06/02/2026
Reclaiming the Working-Class History of Massage
Massage therapy is often imagined today as a luxury — something done in spas, wellness studios, or private clinics, marketed as indulgence or self-care. This framing is relatively new. For most of human history, massage was not a luxury at all. It was a working-class, domestic, and communal practice, developed to keep bodies functioning under conditions of hard labour, limited healthcare, and economic precarity.
Across rural Europe, manual therapies such as rubbing, kneading, oiling, and joint manipulation were part of everyday folk medicine. Farm workers, craftspeople, miners, and factory workers relied on hands-on care to manage exhaustion, injury, and chronic pain. These practices were often carried out at home, passed between family members, or provided by community figures such as midwives, elders, or bonesetters. In Britain and Ireland, bonesetters — many from working-class backgrounds — treated injuries caused by agricultural and industrial labour, often with greater success and trust among workers than formally trained physicians.

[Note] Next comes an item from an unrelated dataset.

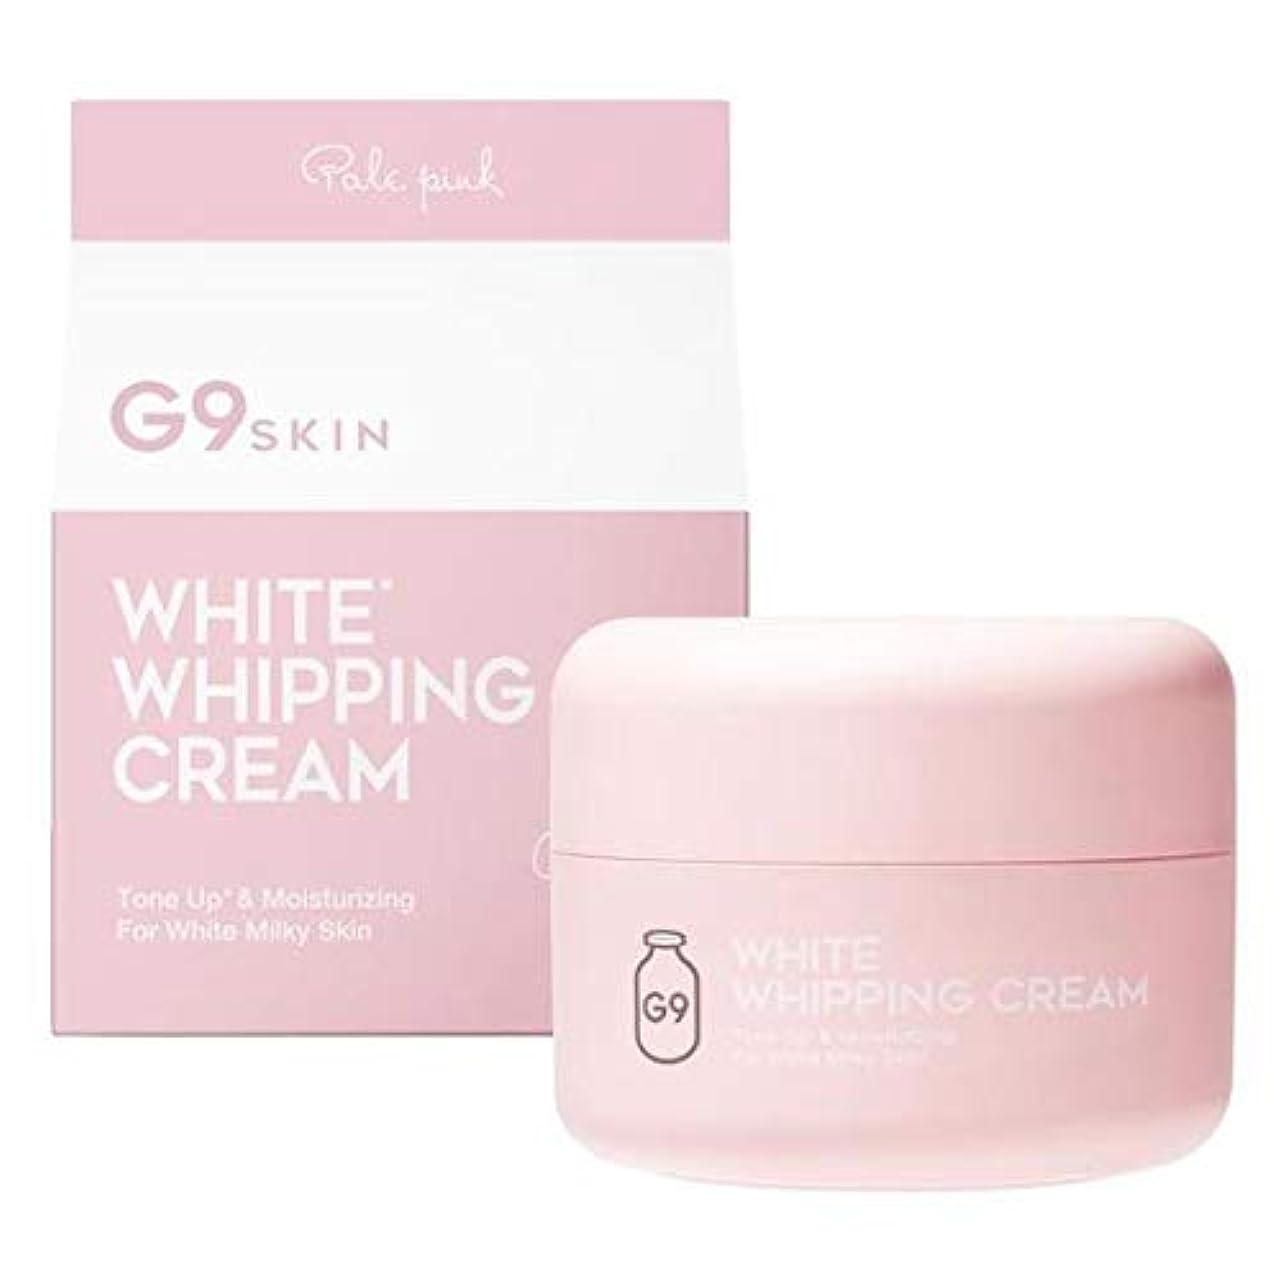 本能豊かにする構成ホワイトホイッピングクリーム ピンク 50g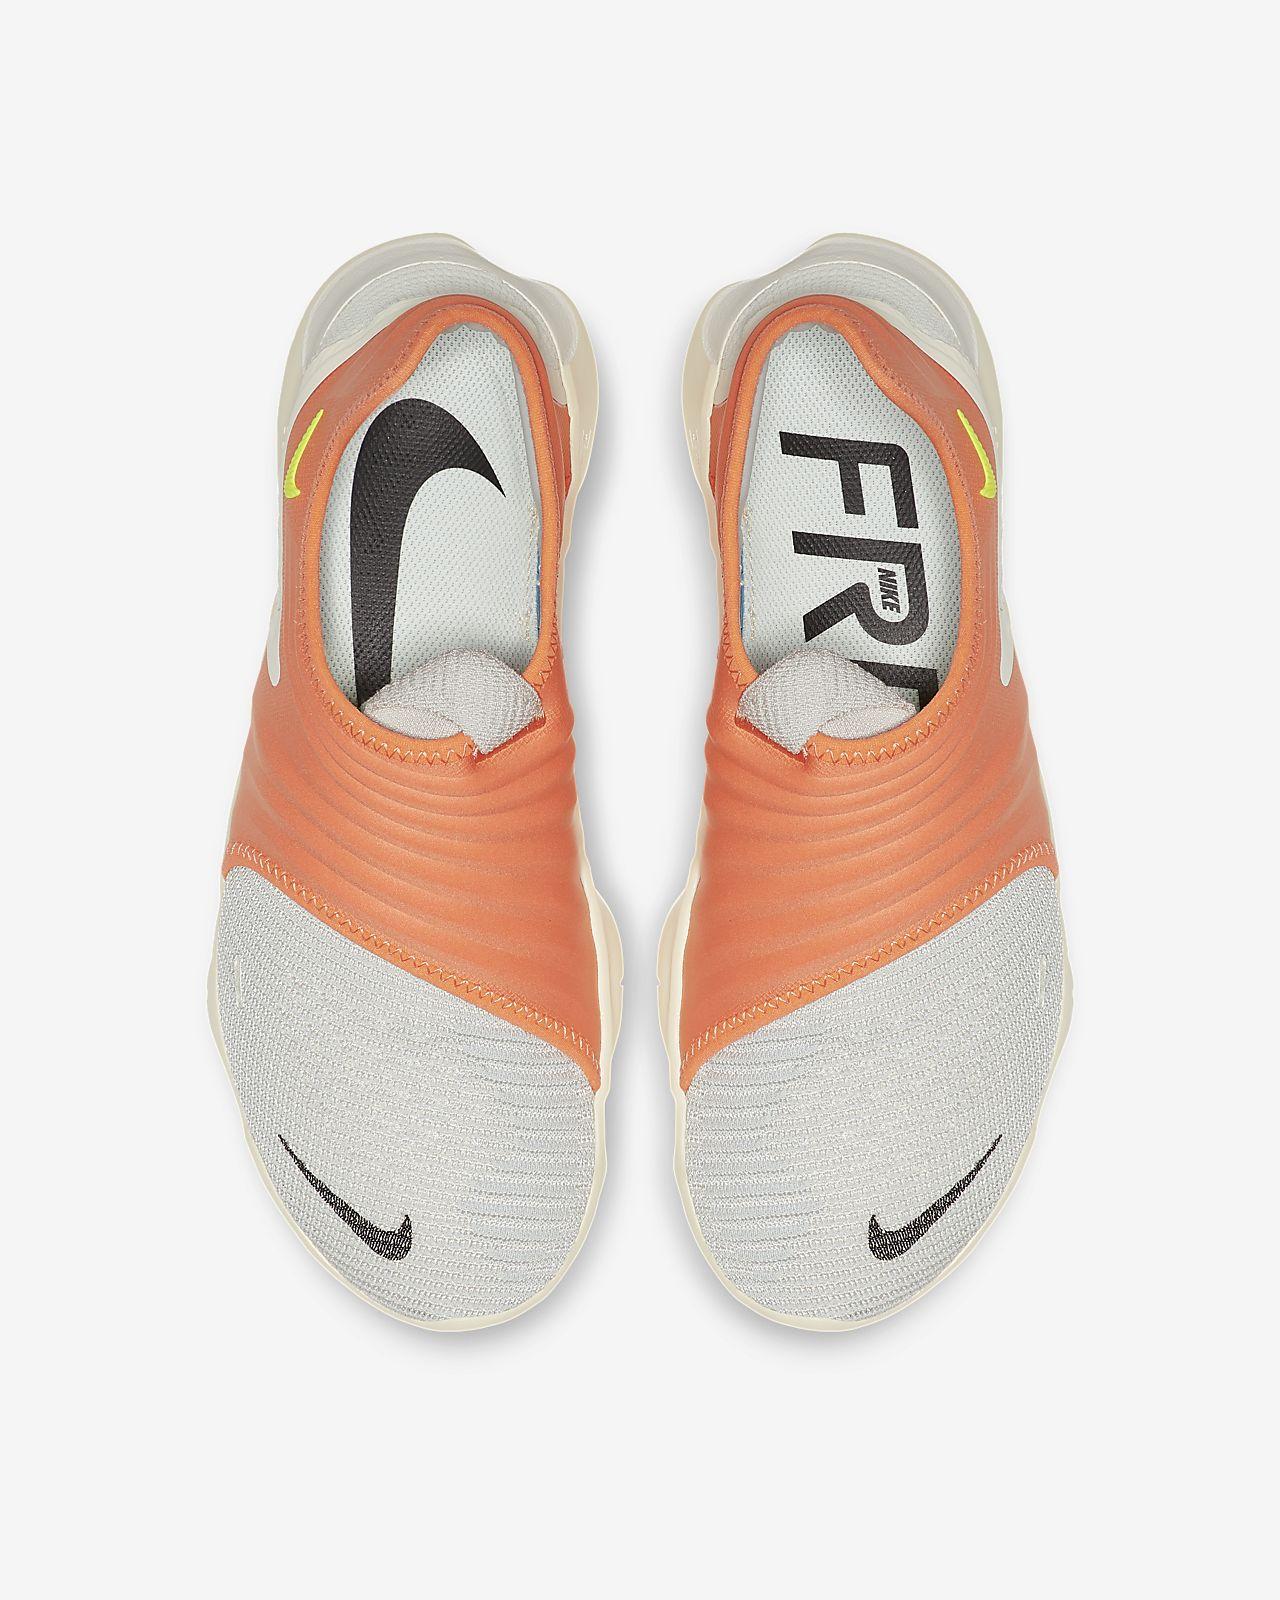 super popular 6ad89 1e926 ... Nike Free RN Flyknit 3.0 NRG Men s Running Shoe

As industrialisation intensified bodily strain, informal massage and manipulation became a quiet form of survival. When sick pay did not exist and injury could mean hunger, keeping the body working was essential. Massage functioned as a form of mutual aid, not therapy in the modern professional sense, but care embedded in daily life.
This pattern appears globally. In China, Tui Na massage developed alongside acupuncture and was used by labourers, farmers, and martial artists to recover from physical work. In Thailand, traditional massage emerged in temples and villages, shared freely as part of community health rather than sold as a service. In Japan, Anma massage was historically practised by blind working-class specialists and understood as practical bodily maintenance, not indulgence.
Across Africa, massage has long been woven into everyday life — used in childcare, postpartum recovery, elder care, and labour recovery. In South Asia, oil massage has been a common practice among farmers and craftspeople, helping to protect joints, prevent injury, and restore energy. In Latin America, traditional sobadores treated work injuries and chronic pain in rural and working-class communities, often charging little or nothing.
What these traditions share is not luxury, but necessity. Massage was a way of caring for bodies that had to endure repetitive, physically demanding work. It was often gendered and domestic, passed between women or within families, and therefore devalued once medicine professionalised. As healthcare became institutionalised and commodified, these informal practices were pushed to the margins, reframed as unscientific, or absorbed into elite medical systems.
In the late twentieth century, massage was rebranded again — this time as “wellness”. Detached from its roots in labour and survival, it became associated with leisure, self-improvement, and middle-class consumption. The working-class history was largely erased.
Remembering this history matters.
Massage therapy did not originate as pampering. It emerged as collective care, shaped by people who depended on their bodies to live. Seen this way, massage belongs not to luxury culture, but to a long tradition of working-class knowledge, resilience, and mutual support.